### TASK GOAL
Write out exactly the lines below starting at the one containing "Ông Maxime Hilbert, Tổng" and ending at the one containing "Cinnamon Brown Coarse". Omit every picture.

### LISTED ENTRIES
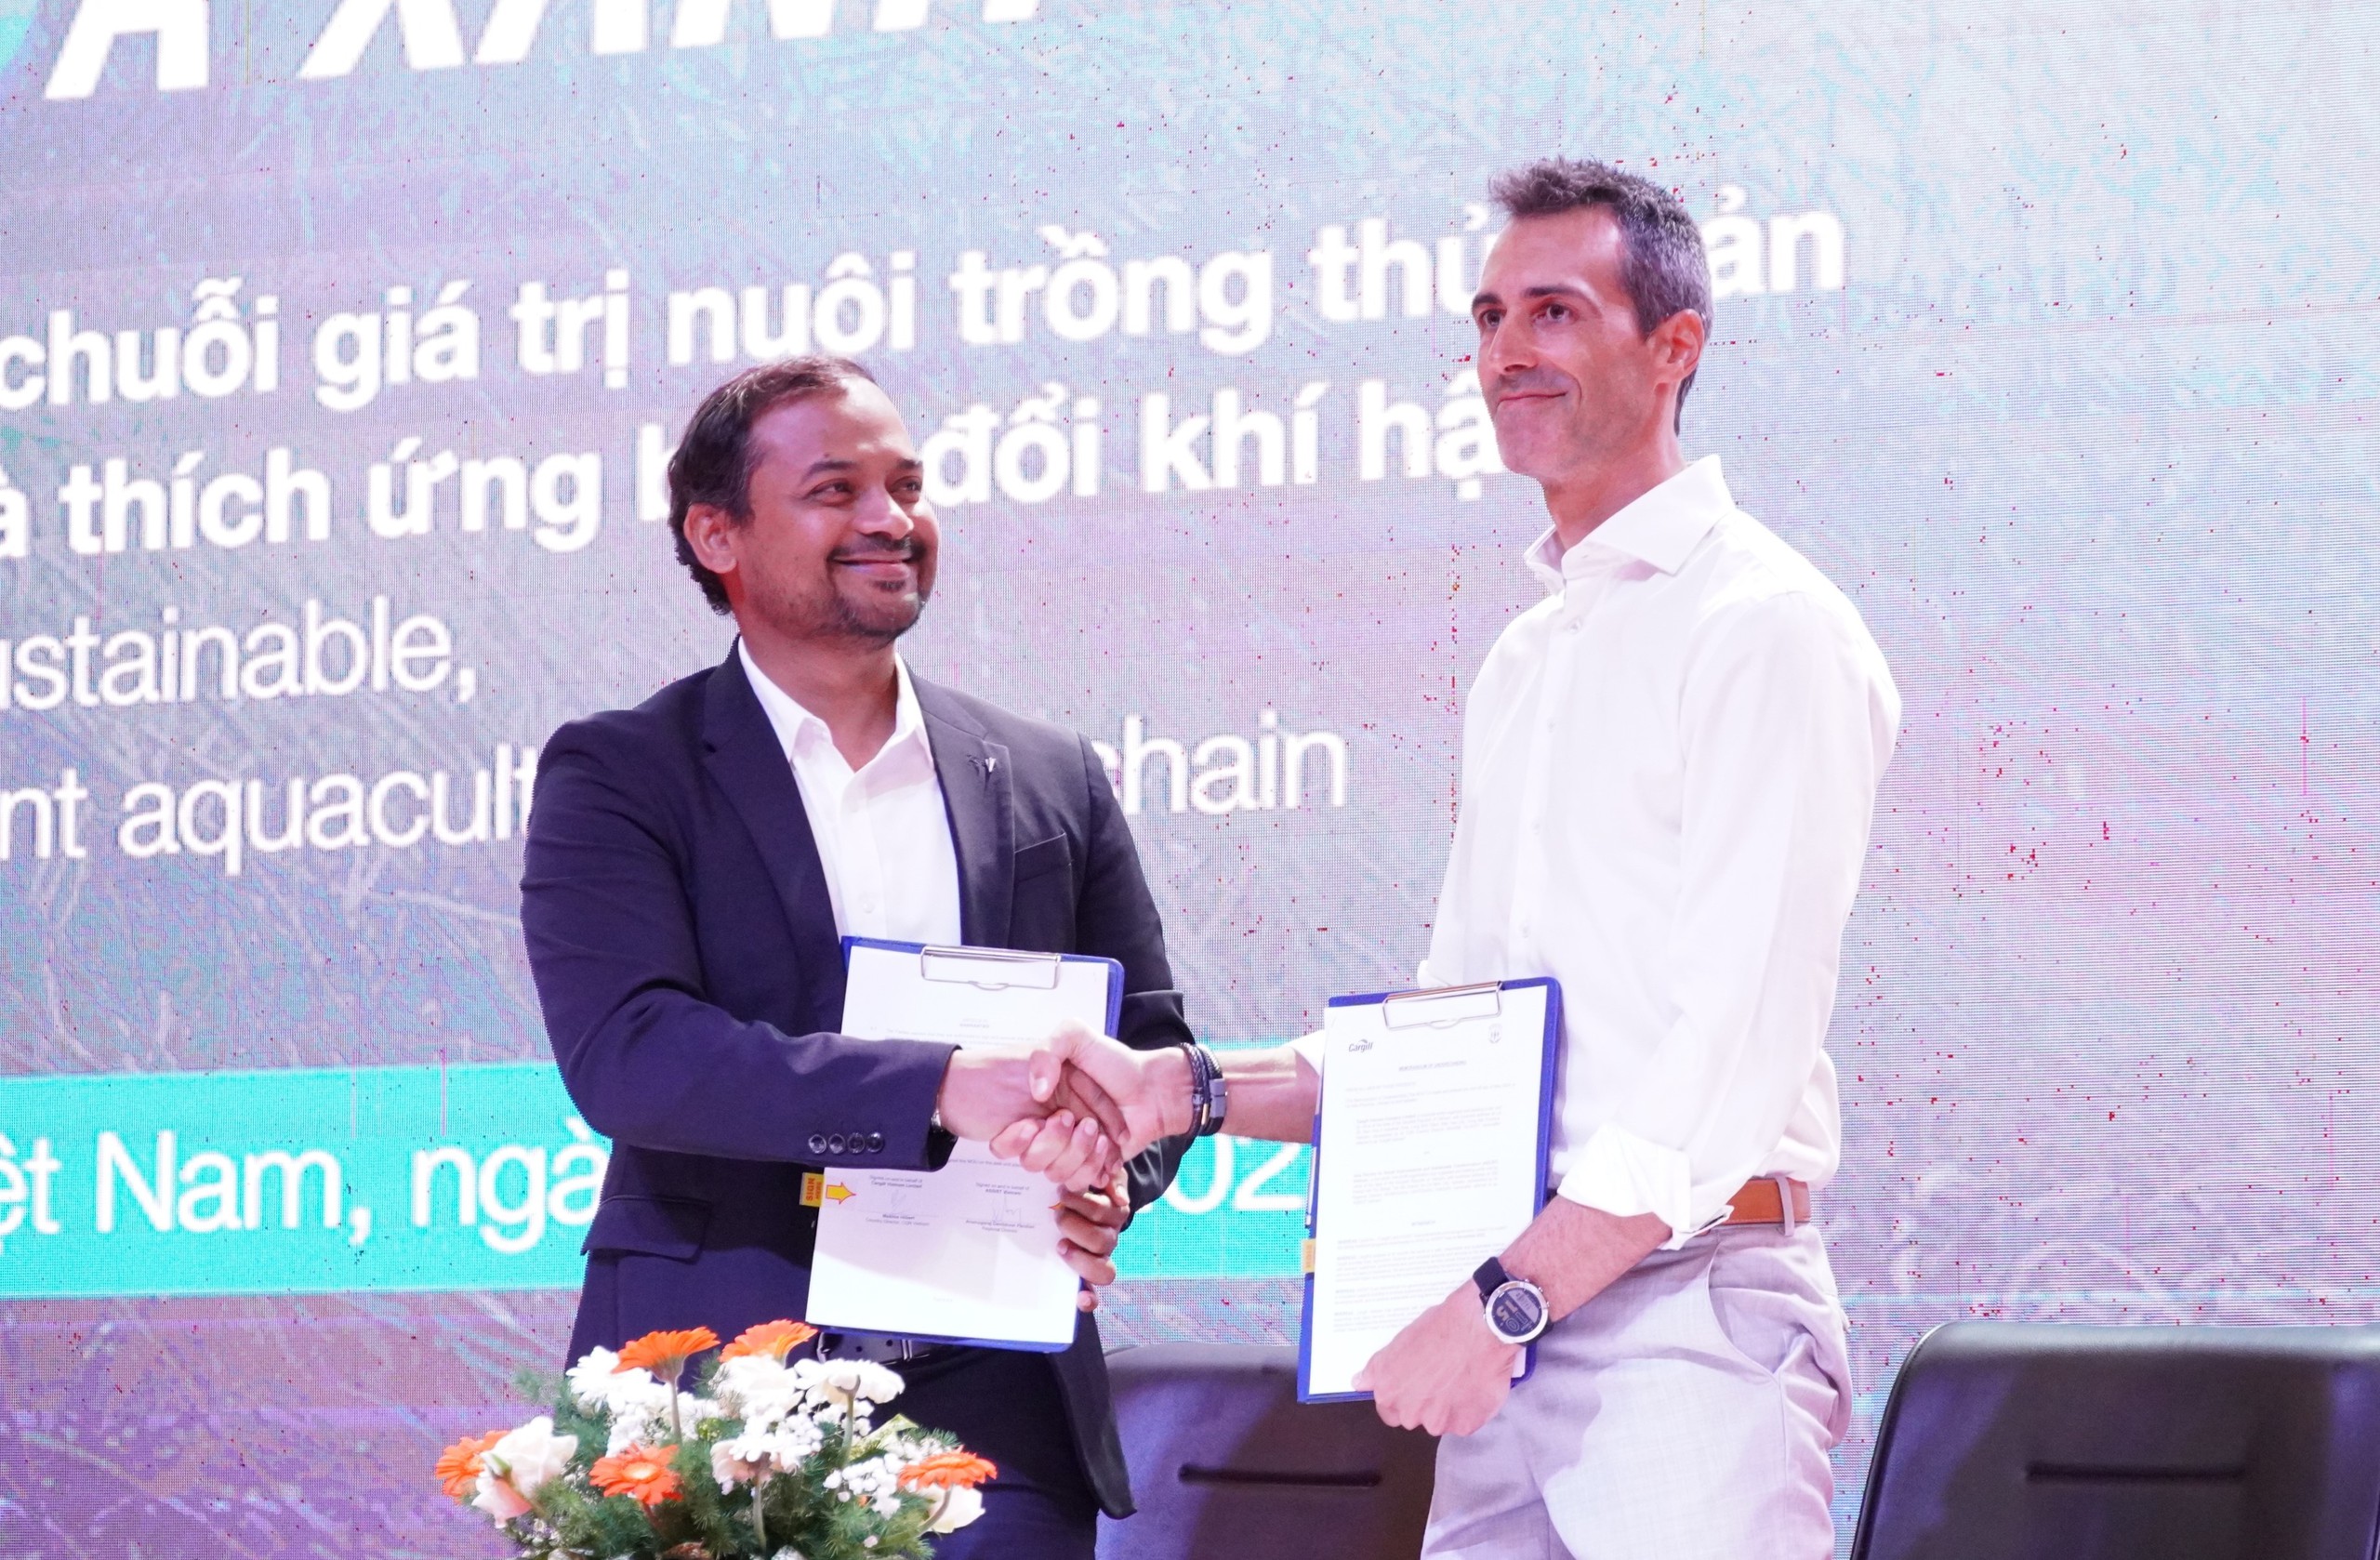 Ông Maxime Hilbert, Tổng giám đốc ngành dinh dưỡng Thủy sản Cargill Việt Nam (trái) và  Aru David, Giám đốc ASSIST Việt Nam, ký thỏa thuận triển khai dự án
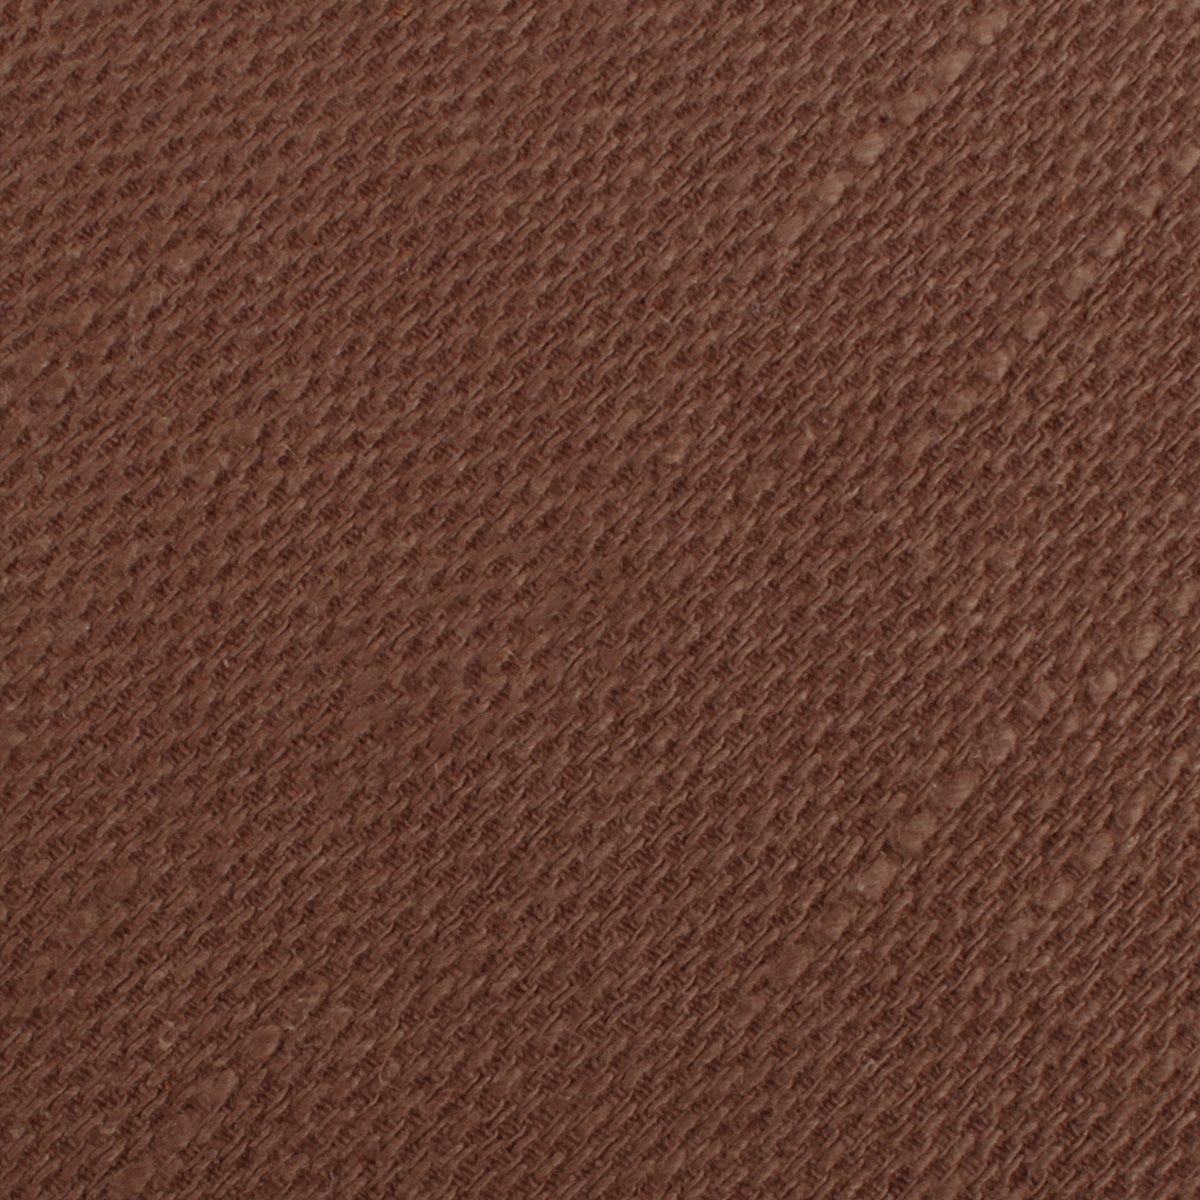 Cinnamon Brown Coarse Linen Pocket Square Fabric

--

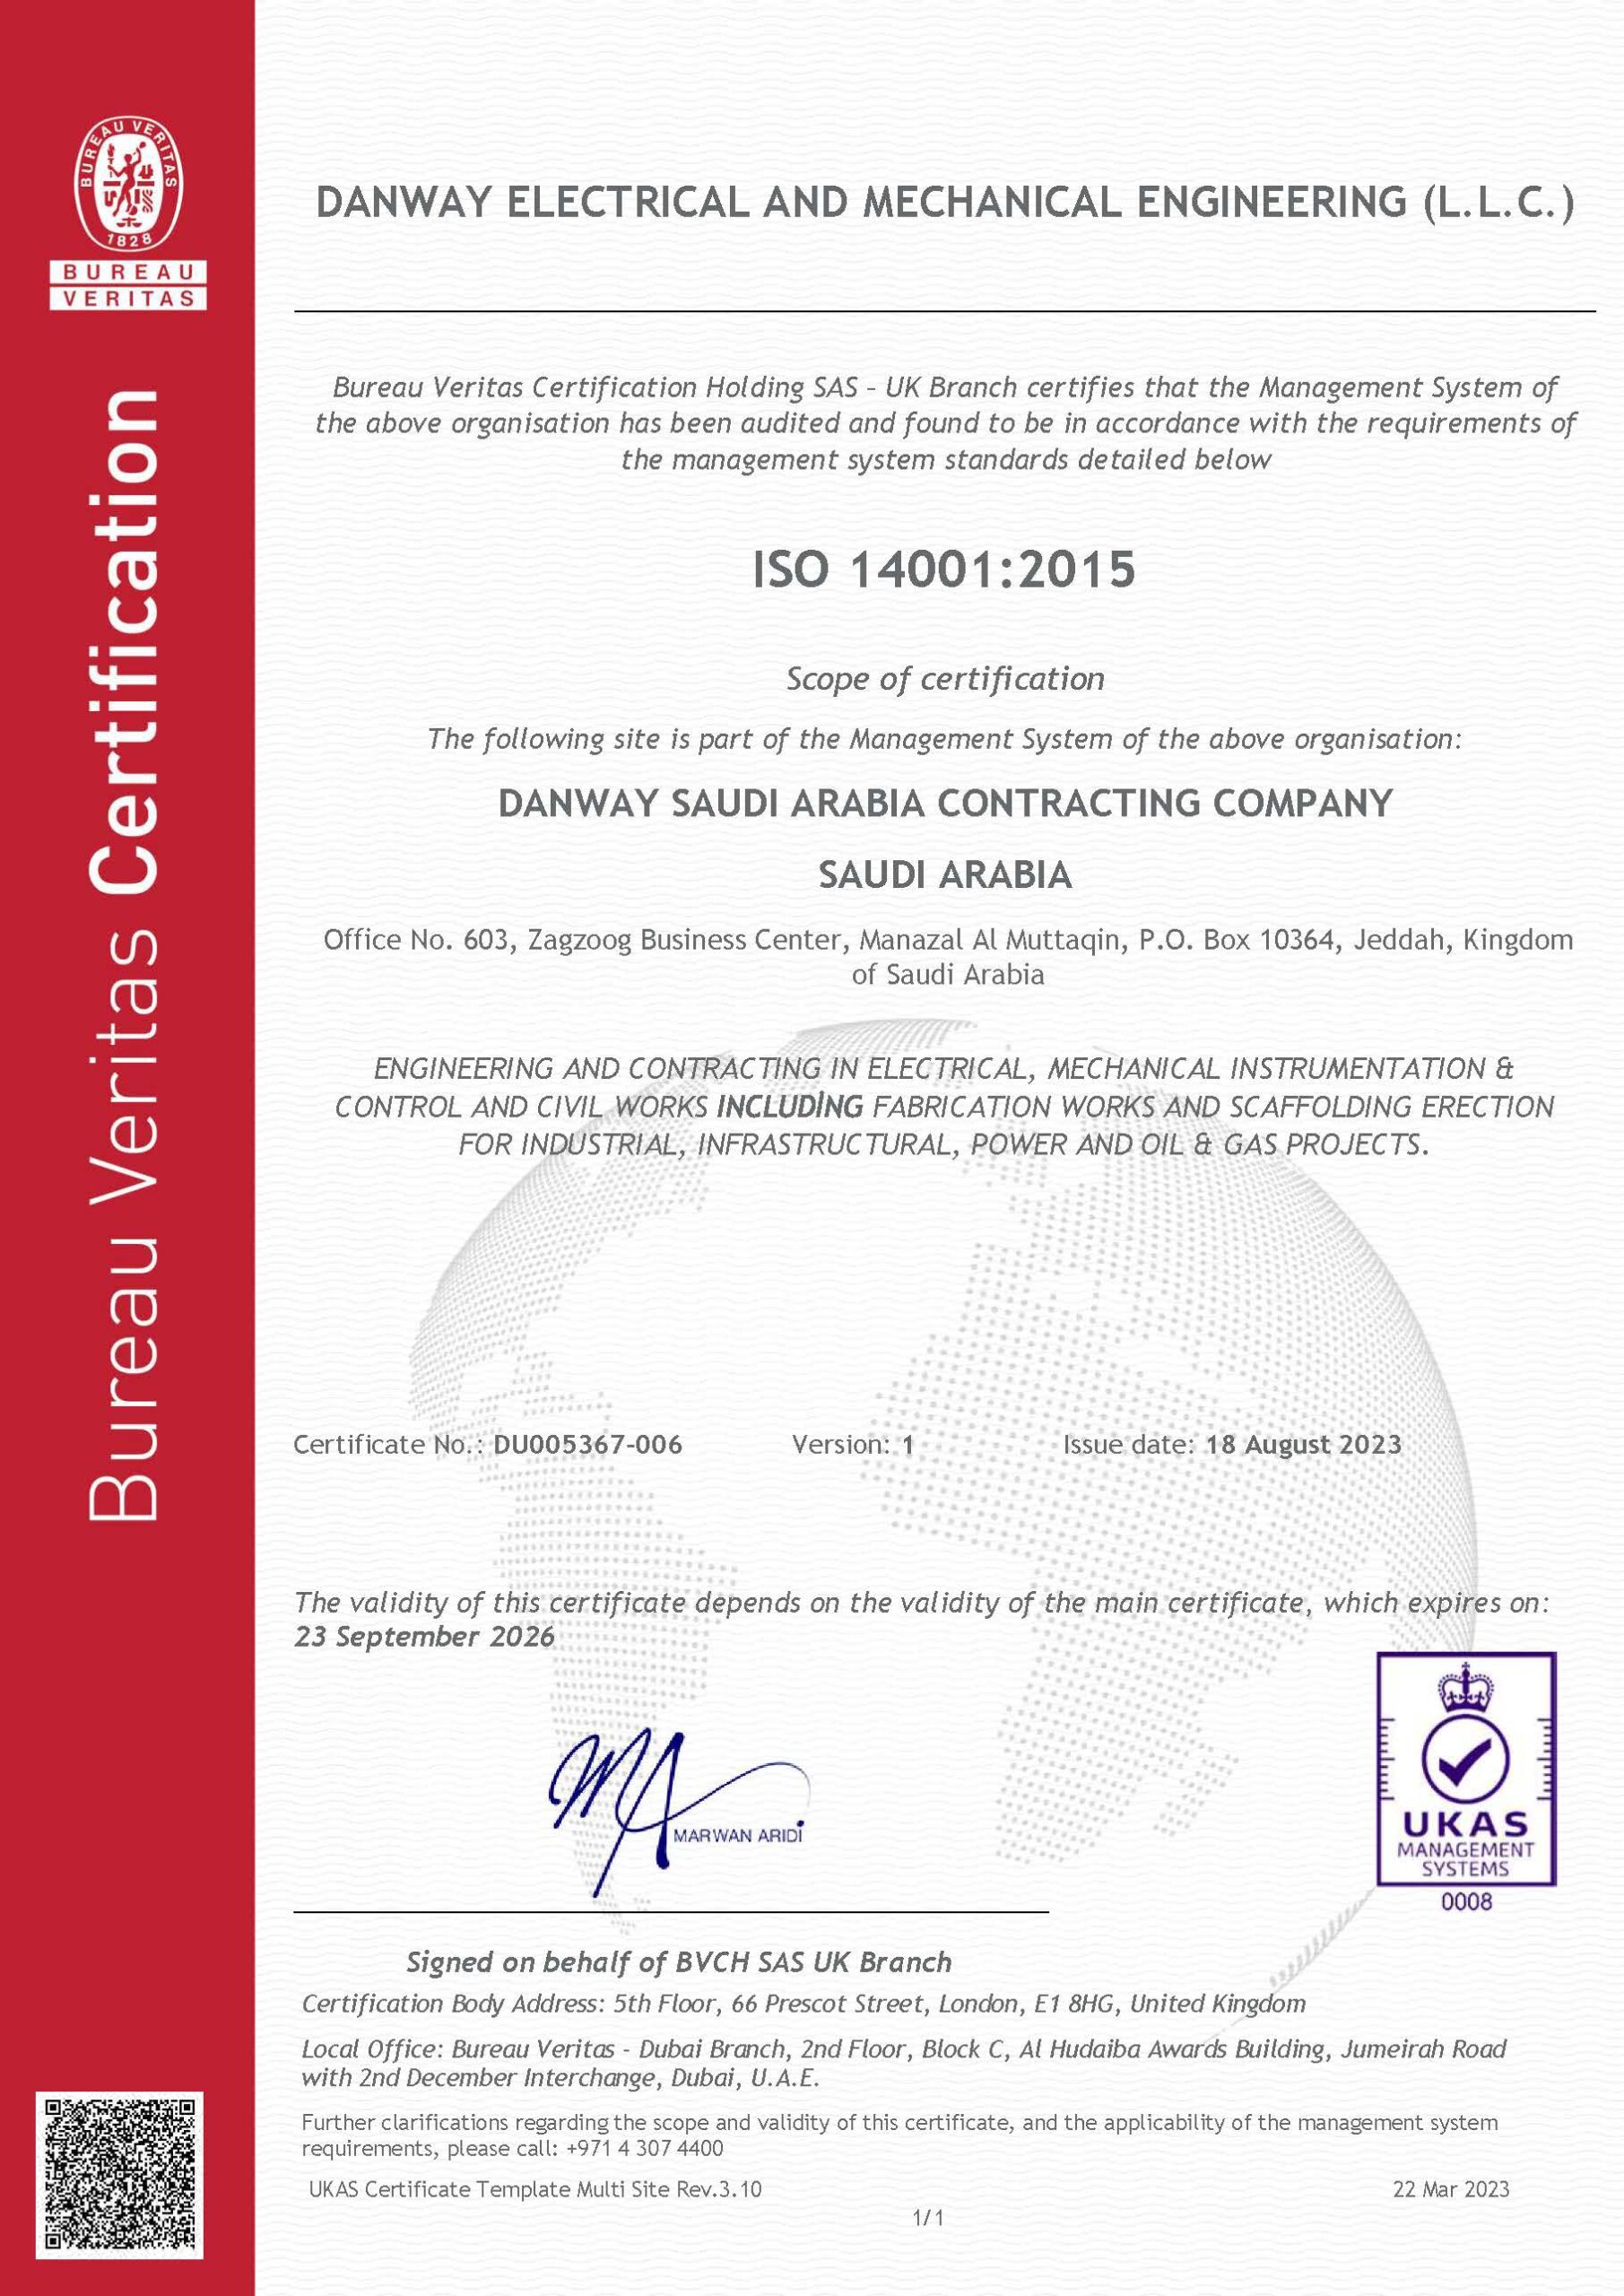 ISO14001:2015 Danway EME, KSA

### RESULT OF THE EXERCISE
 Ông Maxime Hilbert, Tổng giám đốc ngành dinh dưỡng Thủy sản Cargill Việt Nam (trái) và  Aru David, Giám đốc ASSIST Việt Nam, ký thỏa thuận triển khai dự án
 Cinnamon Brown Coarse Linen Pocket Square Fabric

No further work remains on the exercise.